The whole album feels very reflective while still being placed quite in the present.

Sharon Van Etten: A lot of these songs started as love songs about a new relationship. Then I got pregnant, and I’m literally pregnant while Trump is getting voted into office. I start writing again and I’m reflecting on these demos I started in a very different context.

When I revisit the songs in round three of my editing process, I’m looking at these songs while my son is sleeping. I’m staring at this product of my love and the state of the world. It’s a different perspective; there’s an innocence, there’s a guilt, there’s a responsibility. There is reflection on who I used to be and who I am now but when you’re looking at a baby you’re thinking of the future too.

As soon as I was staring at my child I realised all the things I was writing about had to be a bit more hopeful, but also acknowledging what’s going on in the world.
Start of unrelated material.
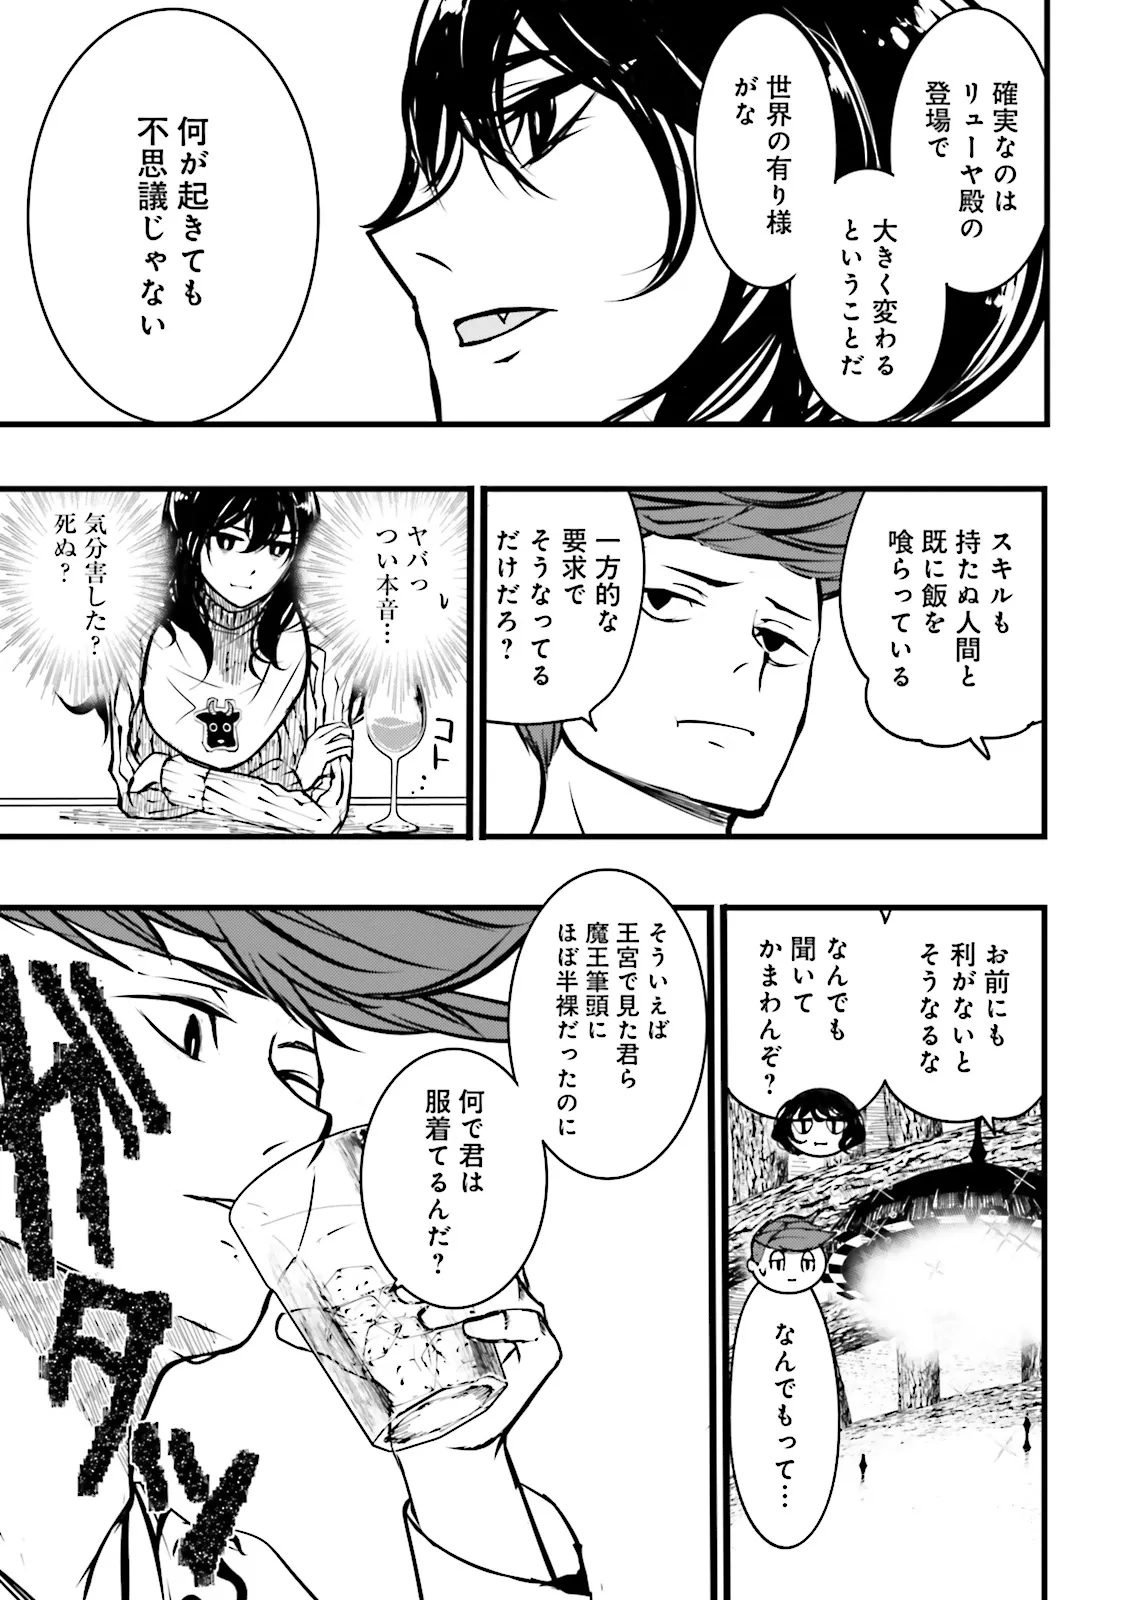 Sukiru Ga Nakereba Level wo Ageru ~ 99 Ga Kansuto No Sekai De Reberu 800 Man Kara Sutato ~ - Chapter 38.3 - Page 3

Production-wise, sonically, I wanted the weight to remain, without having to necessarily talk about politics. It was about letting myself be happy in this moment. I still feel like I’m processing a lot.

Was this album a way of working out those feelings?

Sharon Van Etten: All the time. I’m so much more in touch with my emotions when I have time to process them. In the moment, I’m reactive, but if I can write it down, get the guts out first and then be able to actually talk about what it is, I’m always better off. Music has always been therapeutic for me.